21 501-34 Raad voor Onderwijs, Jeugd, Cultuur en Sport

Nr. 247 VERSLAG VAN EEN SCHRIFTELIJK OVERLEG

Vastgesteld 1 mei 2015

De vaste commissie voor Onderwijs, Cultuur en Wetenschap heeft een aantal vragen en opmerkingen voorgelegd aan de Ministers van Onderwijs, Cultuur en Wetenschap en van Volksgezondheid, Welzijn en Sport over de brief van 9 april 2015 over de Geannoteerde agenda op het terrein van onderwijs en cultuur/audiovisueel voor de Onderwijs-, Jeugd-, Cultuur- en Sportraad (OJCS-Raad) van 18 en 19 mei 2015 (Kamerstuk 21 501-34, nr. 245), over de brief van 12 maart 2015 over het verslag van de vergaderingen van de Onderwijs, Jeugd, Cultuur en Sport Raad (OJCS-Raad) van 25 november 2014 (cultuur en audiovisueel) en 12 december (onderwijs) 2015 (Kamerstuk 21 501-34, nr. 243) en over het verslag van een schriftelijk overleg van 26 november 2014 over de geannoteerde agenda inzake de Formele sportraad van 25 november 2014 te Brussel (Kamerstuk 21 501-34, nr. 239.

De vragen en opmerkingen zijn op 28 april 2015 aan de Ministers van Onderwijs, Cultuur en Wetenschap en van Volksgezondheid, Welzijn en Sport voorgelegd. Bij brief van 30 april 2015 zijn de vragen beantwoord.

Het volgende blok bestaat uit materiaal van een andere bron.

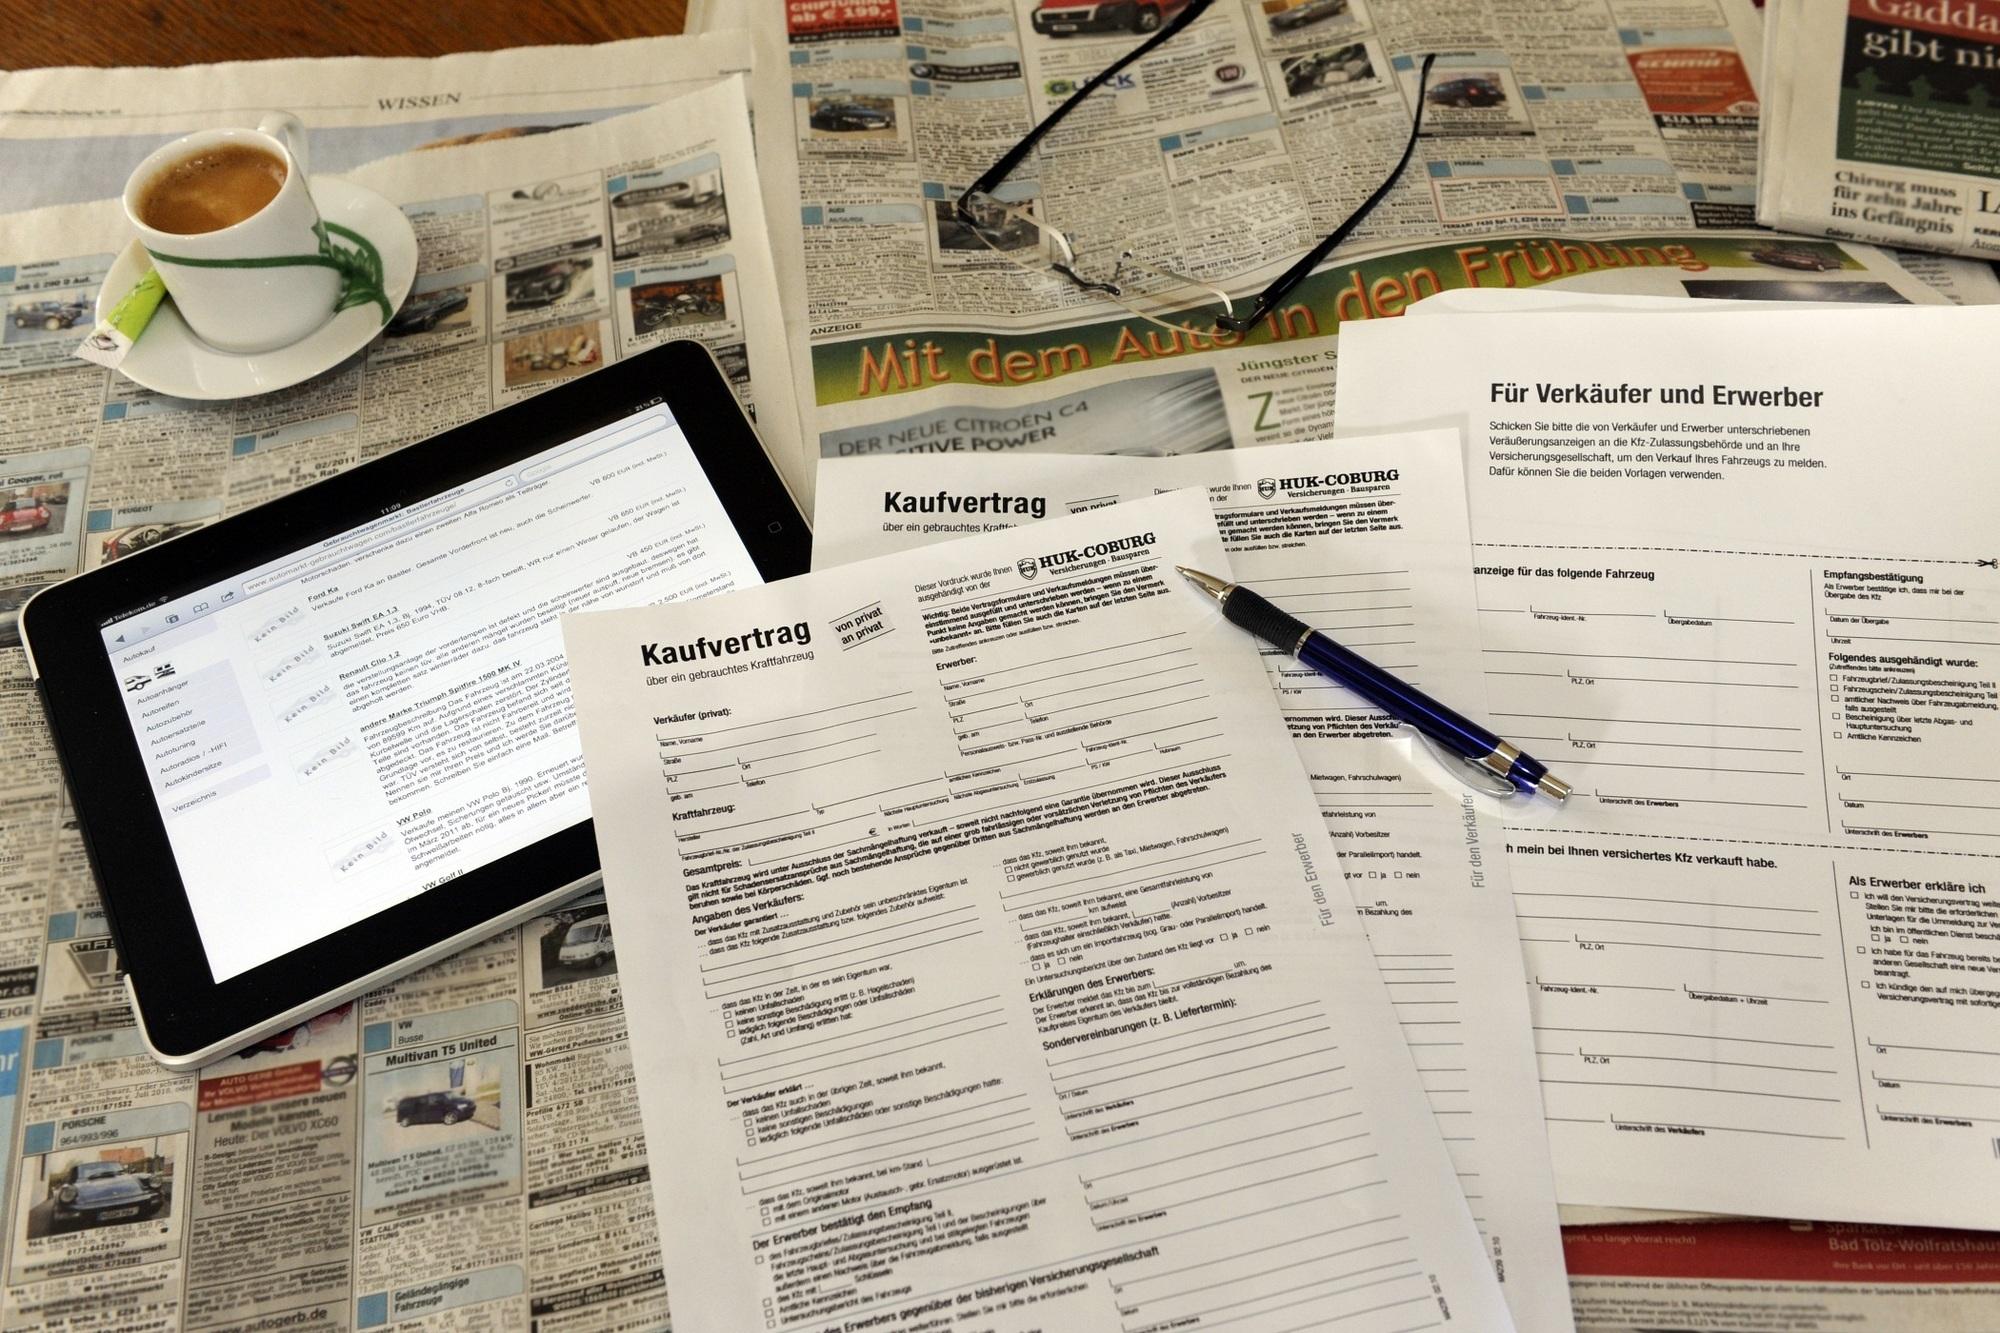 Schummelei bei Gebrauchtwagen - Jeder zehnte Verkäufer würde lügen

De voorzitter van de commissie, Wolbert

Adjunct-griffier van de commissie, Bosnjakovic

I

Vragen en opmerkingen uit de fracties

2

 

• Algemeen

2

   

Geannoteerde agenda op het terrein van onderwijs en cultuur/audiovisueel voor de Onderwijs-, Jeugd-, Cultuur- en Sportraad (OJCS-Raad) van 18 en 19 mei

2

     

○ Cultuur

2

 

• Verslag van de vergaderingen van de Onderwijs, Jeugd, Cultuur en Sport Raad (OJCS-Raad) van 25 november 2014

2

     

○ Onderwijs (12 december)

2

     

○ Informele ministeriële conferentie over burgerschap (17 maart 2015)

2

II

Reactie van de Ministers

3

I Vragen en opmerkingen uit de fracties

Algemeen

De leden van de VVD-fractie hebben kennisgenomen van de onderhavige stukken.

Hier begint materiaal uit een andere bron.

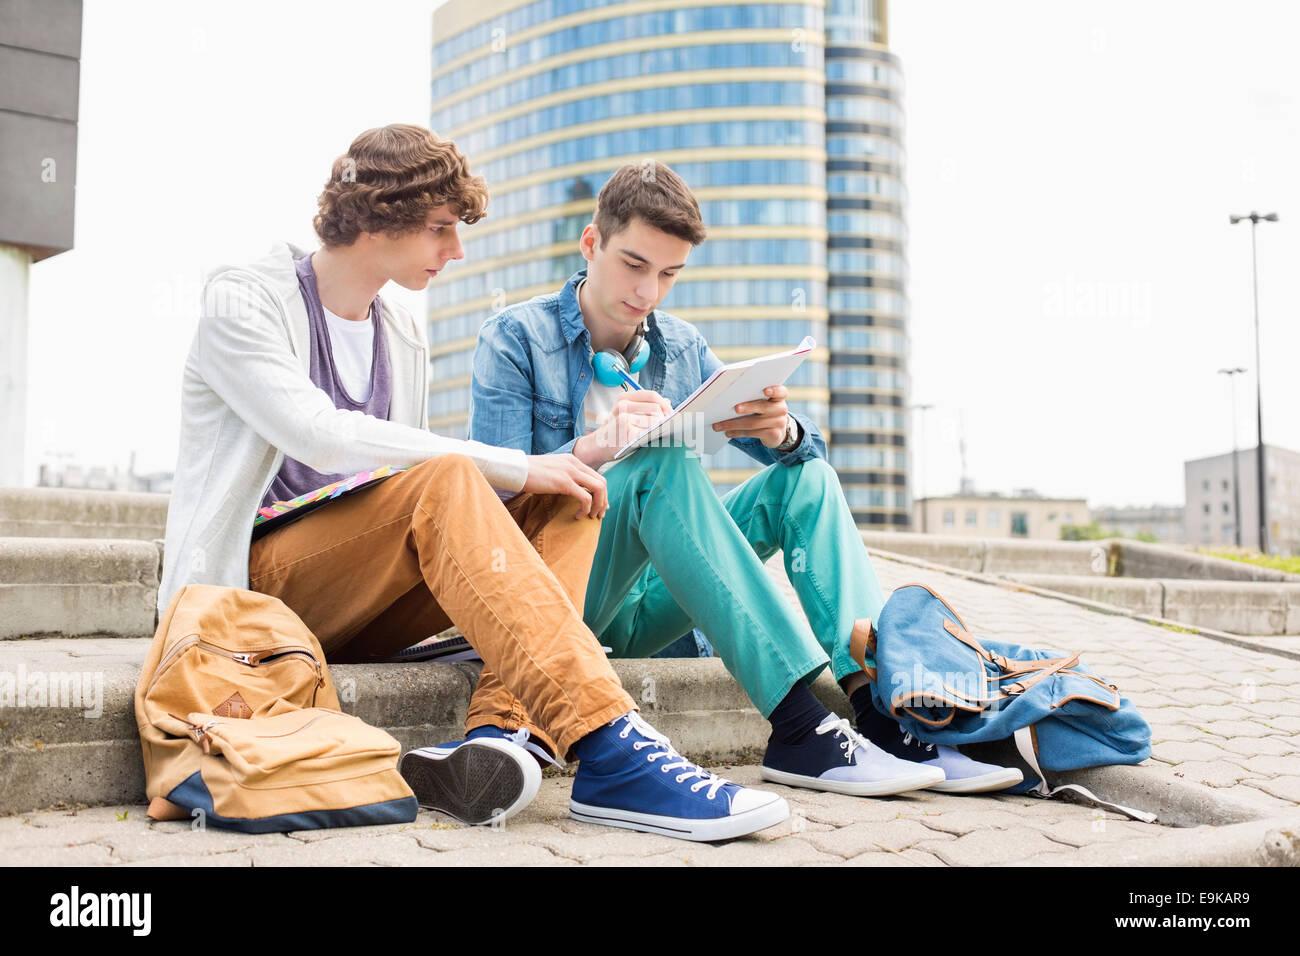 Lunghezza completa di maschi giovani studenti universitari che studiano sui gradini contro un edificio Immagini Stock

Geannoteerde agenda op het terrein van onderwijs en cultuur/audiovisueel voor de Onderwijs-, Jeugd-, Cultuur- en Sportraad (OJCS-Raad) van 18 en 19 mei

Cultuur

De leden van de VVD-fractie merken op dat in de geannoteerde agenda de volgende zin staat: «Voorts roept het succes van grote in de EU gevestigde Amerikaanse mediabedrijven op de Europese markt bij sommige lidstaten defensieve reacties op. Deze lidstaten willen deze bedrijven reguleren of financieel (fiscaal) belasten. Inmiddels is gebleken dat er stemmen zijn om het land van oorsprongbeginsel te beperken of te vervangen door het land van bestemming beginsel. Frankrijk pleit hier nadrukkelijk voor.» De leden vragen wat de (stem)verhoudingen zijn en hoe groot de kans is dat er een meerderheid wordt gevonden om naar een bestemmingsbeginsel te gaan. Kan de Minister aangeven hoe het Nederlandse standpunt zich verhoudt met de standpunten van de andere landen in Europa? Kan de Minister een inschatting geven hoe groot de kans is dat er een wijziging zal plaatsvinden van de huidige regelgeving conform het Nederlandse standpunt, zo vragen zij.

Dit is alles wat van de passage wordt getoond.